WORK REQUIRED: Give back each line of the data exactly as it reads, minus the pictures.

SOURCE DATA:
:::

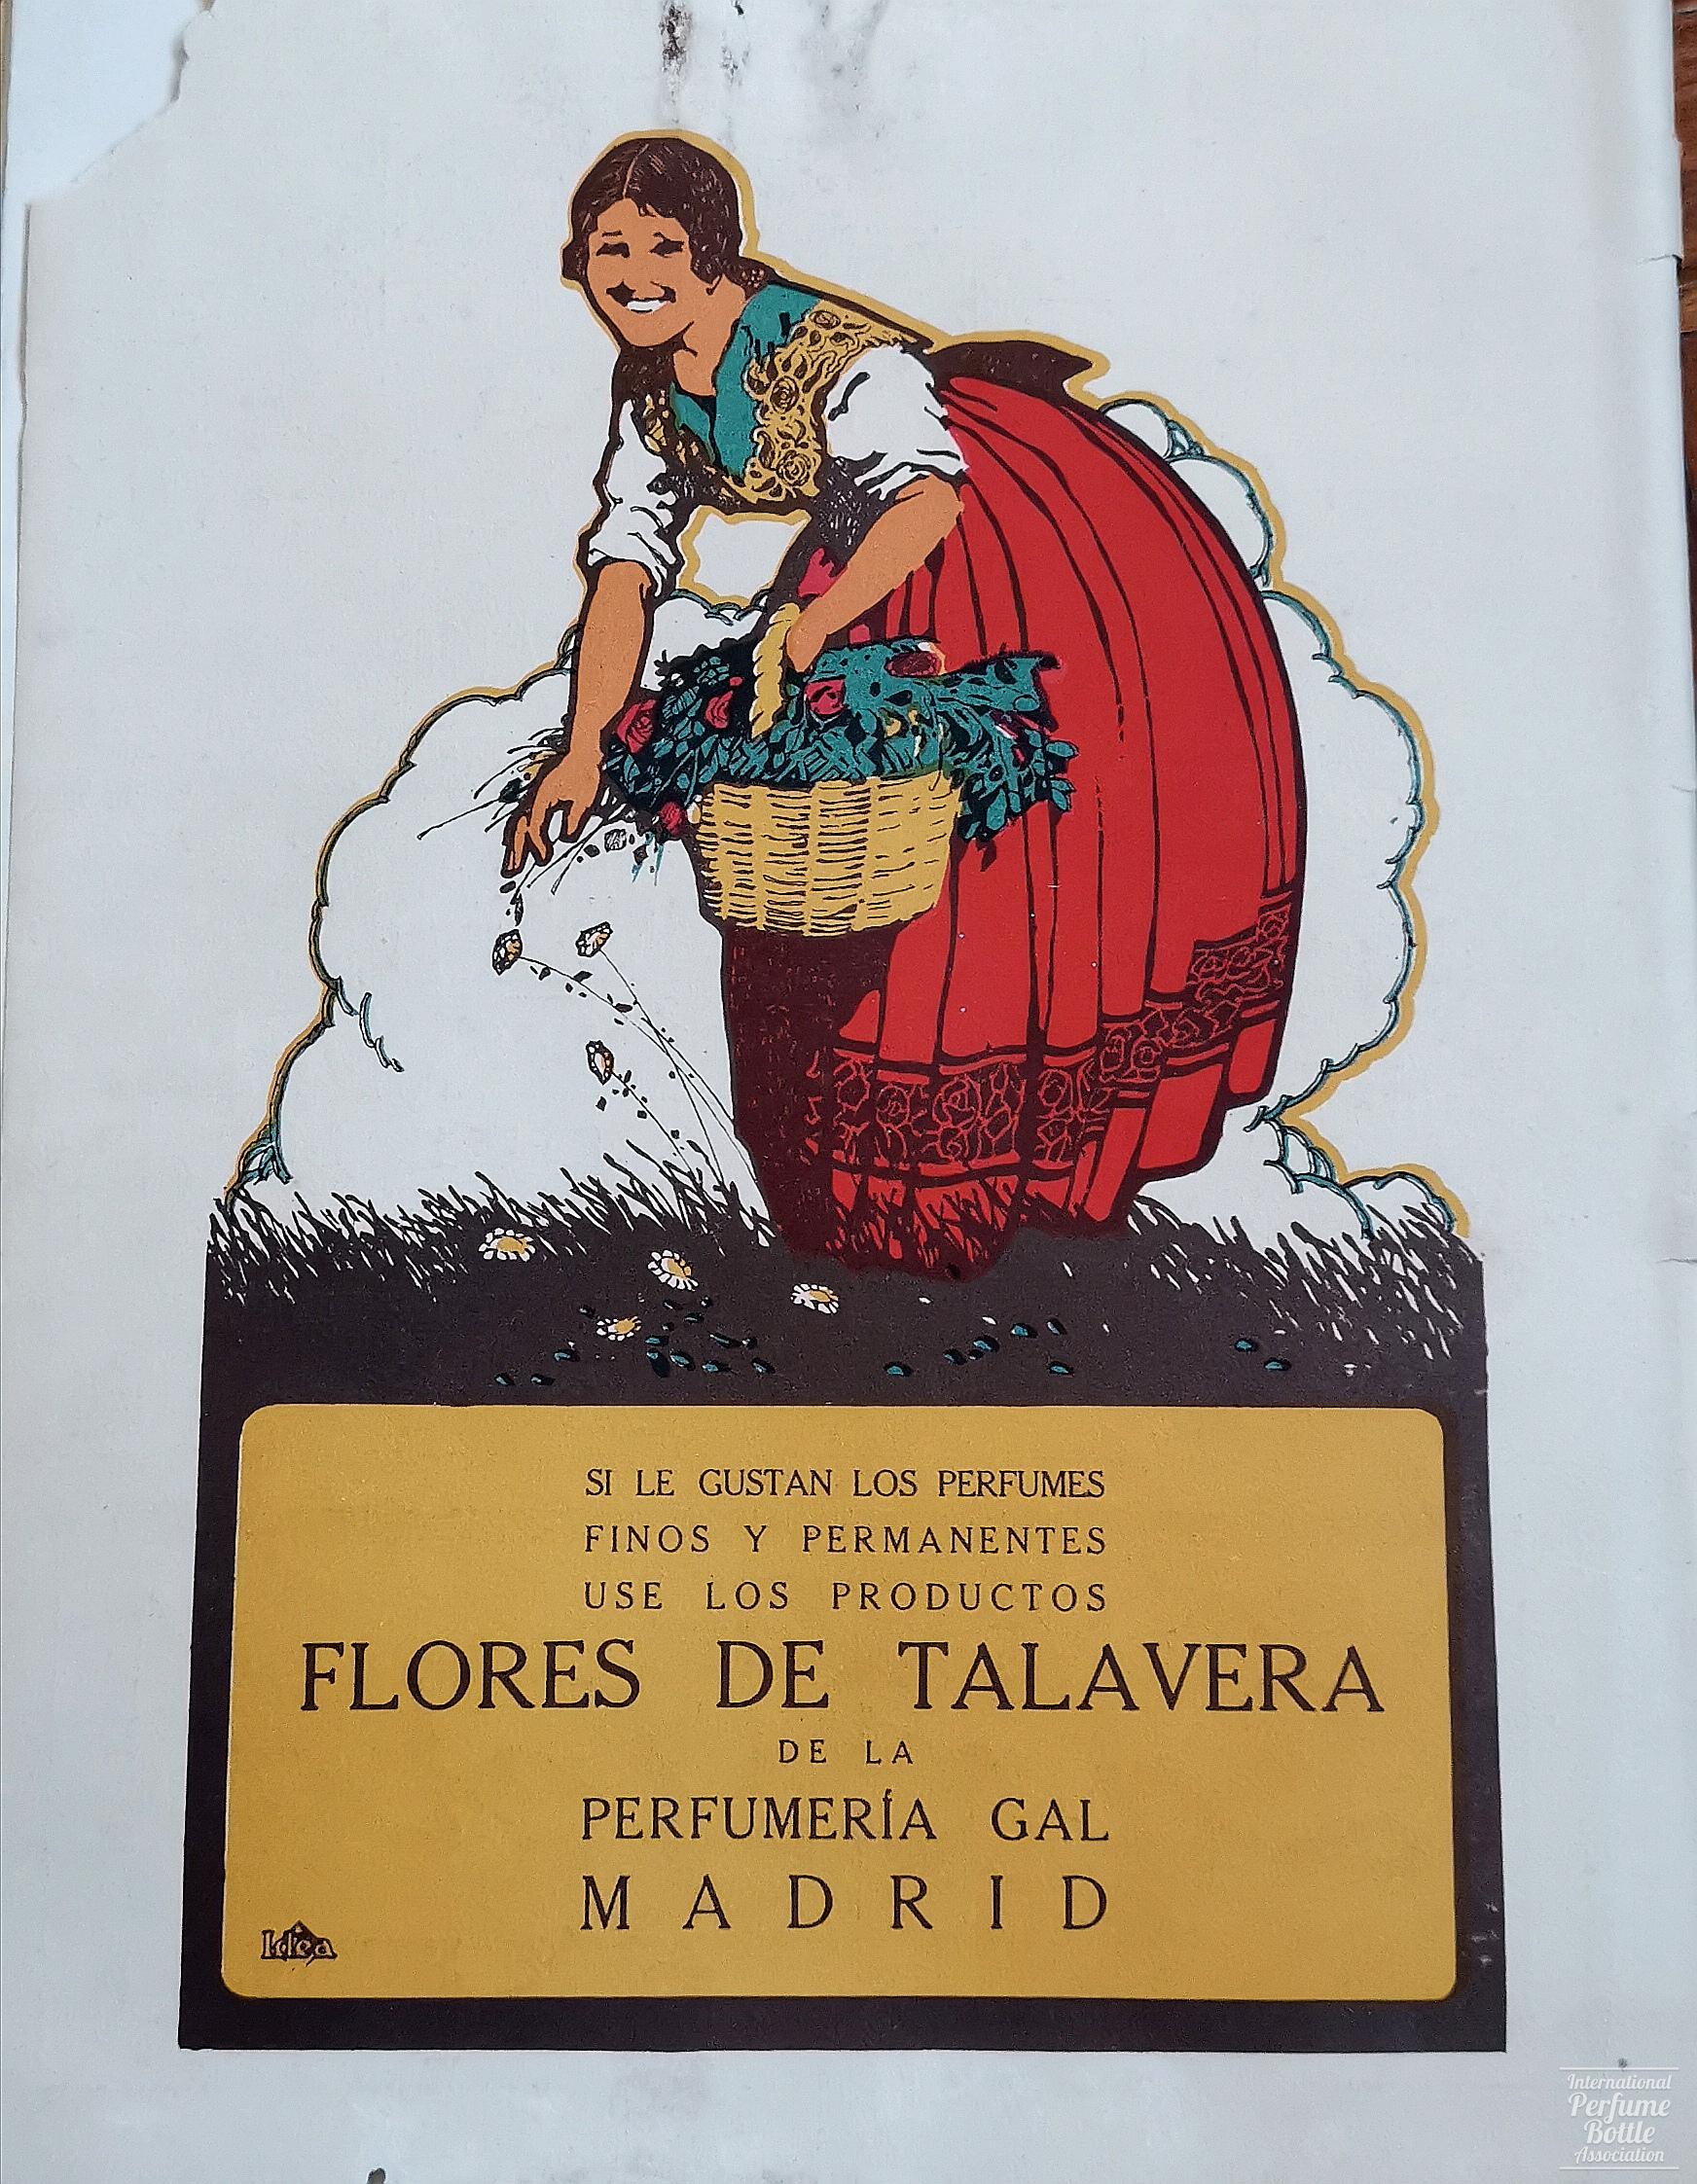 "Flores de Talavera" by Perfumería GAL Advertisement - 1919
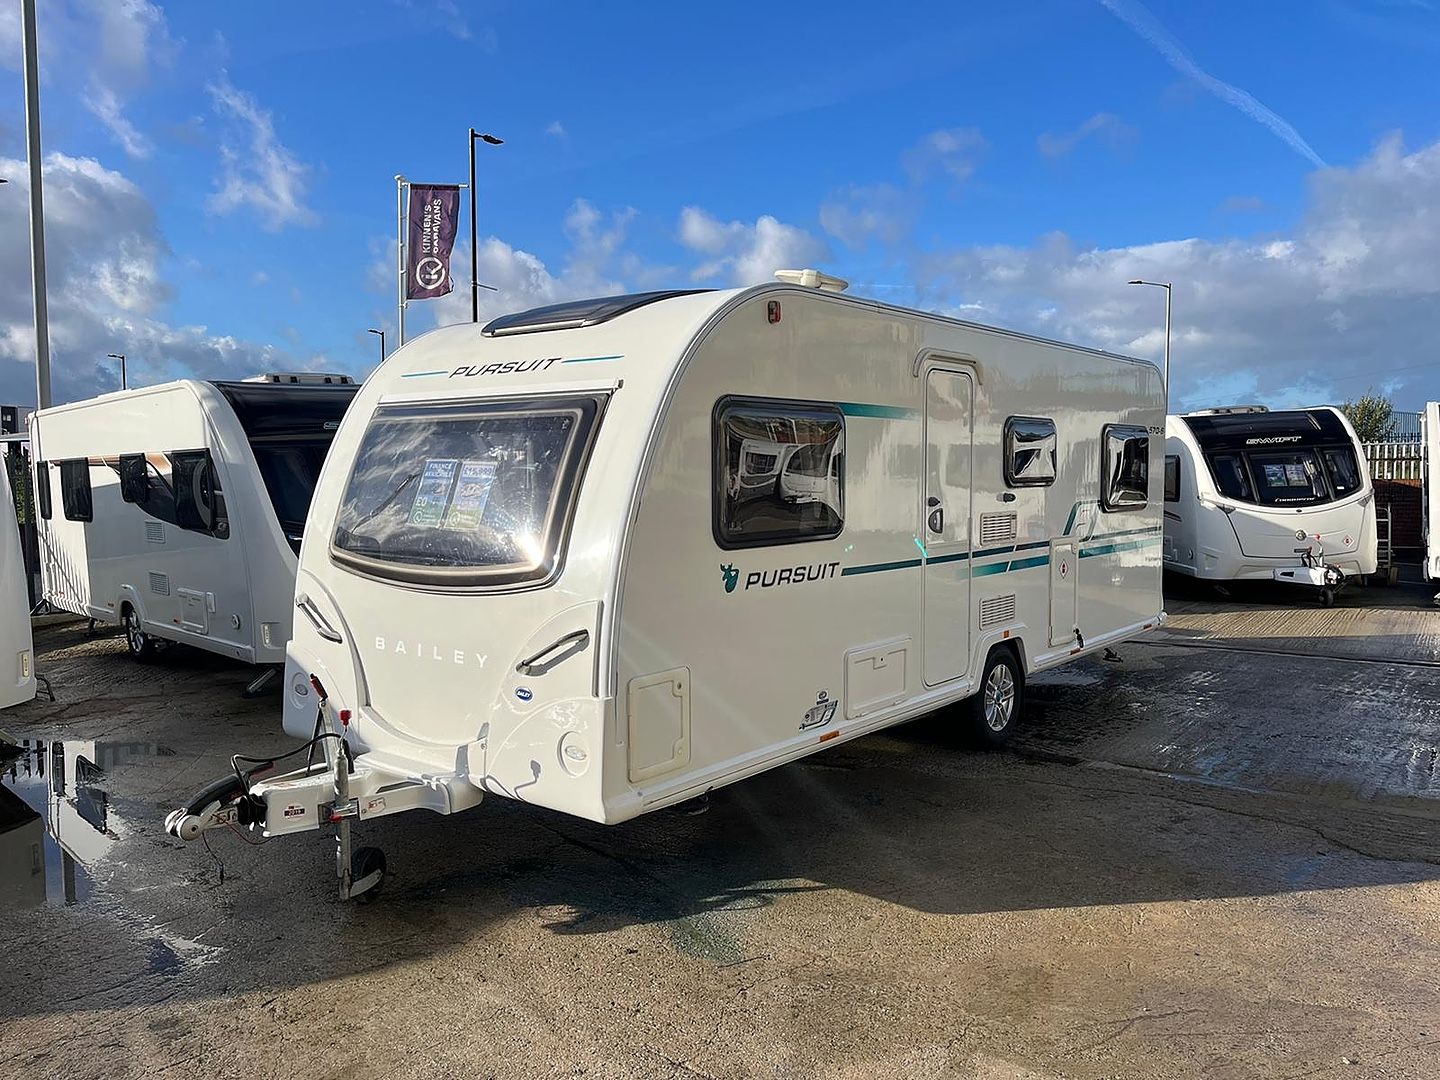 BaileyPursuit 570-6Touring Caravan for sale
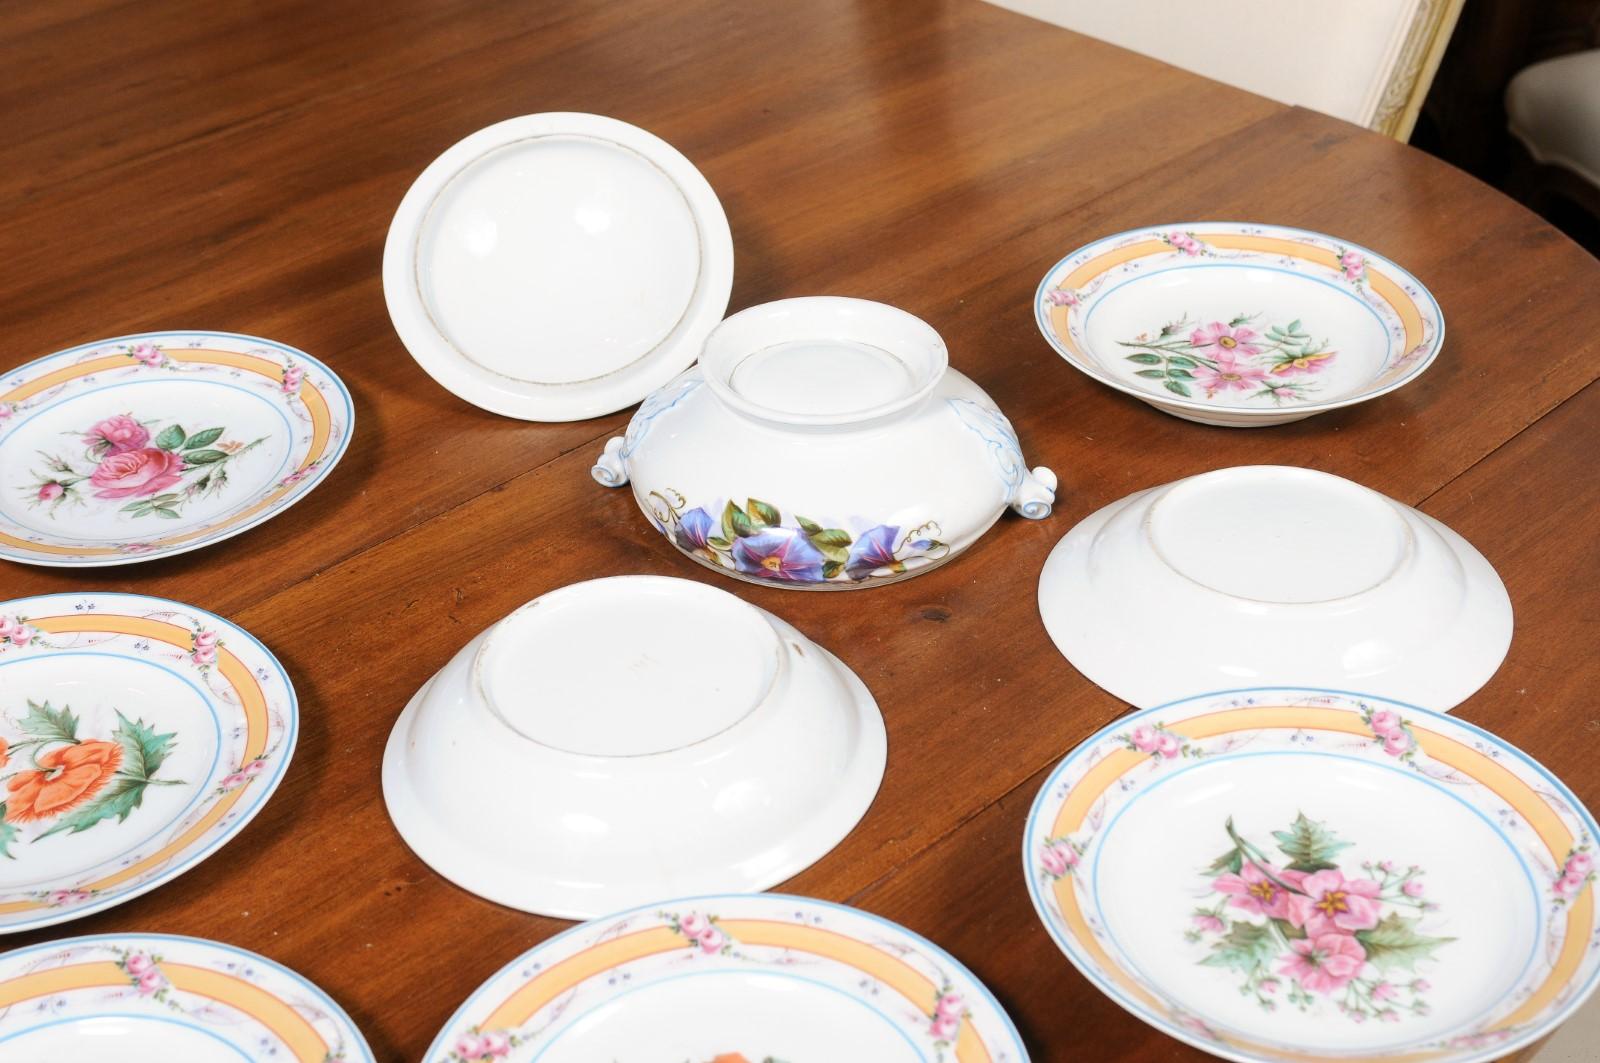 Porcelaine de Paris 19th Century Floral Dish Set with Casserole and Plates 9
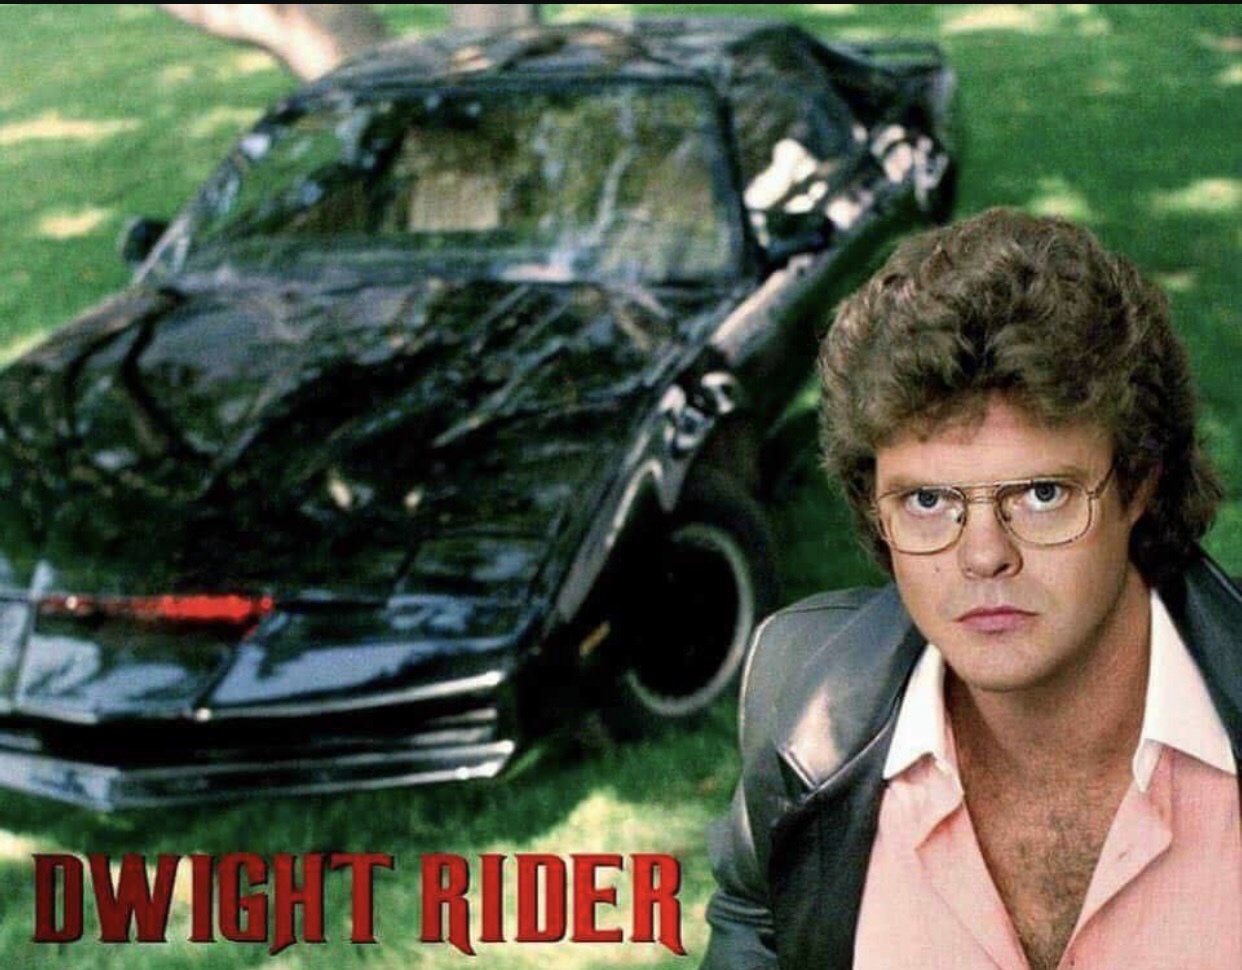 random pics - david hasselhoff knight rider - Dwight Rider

:::

EXERCISE SOLUTION:
 "Flores de Talavera" by Perfumería GAL Advertisement - 1919
 BaileyPursuit 570-6Touring Caravan for sale
 Porcelaine de Paris 19th Century Floral Dish Set with Casserole and Plates 9
 random pics - david hasselhoff knight rider - Dwight Rider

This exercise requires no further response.